INSTRUCTIONS TO FOLLOW → Go to the line below containing "Kit LED tipo" and print exactly from there through the line containing "Calvin Klein Women's", both included. Print nothing else.

RECORDS FOR THE EXERCISE →
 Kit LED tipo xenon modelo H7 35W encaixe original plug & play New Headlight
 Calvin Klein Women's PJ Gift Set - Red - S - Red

---

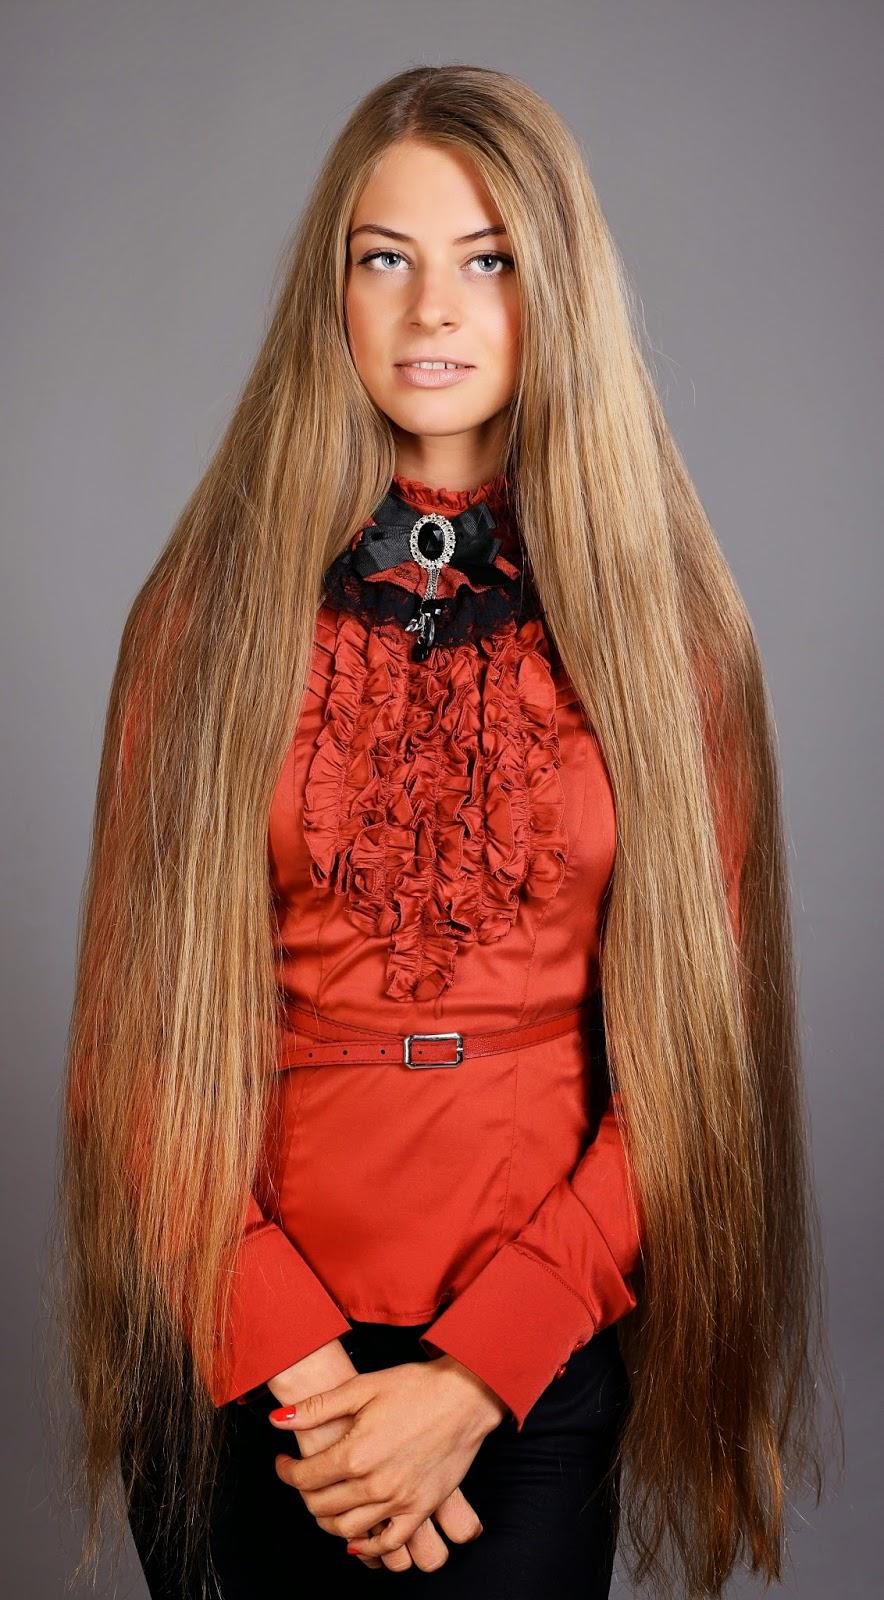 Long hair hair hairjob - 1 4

SOLUTION TO THIS TASK →
 Kit LED tipo xenon modelo H7 35W encaixe original plug & play New Headlight
 Calvin Klein Women's PJ Gift Set - Red - S - Red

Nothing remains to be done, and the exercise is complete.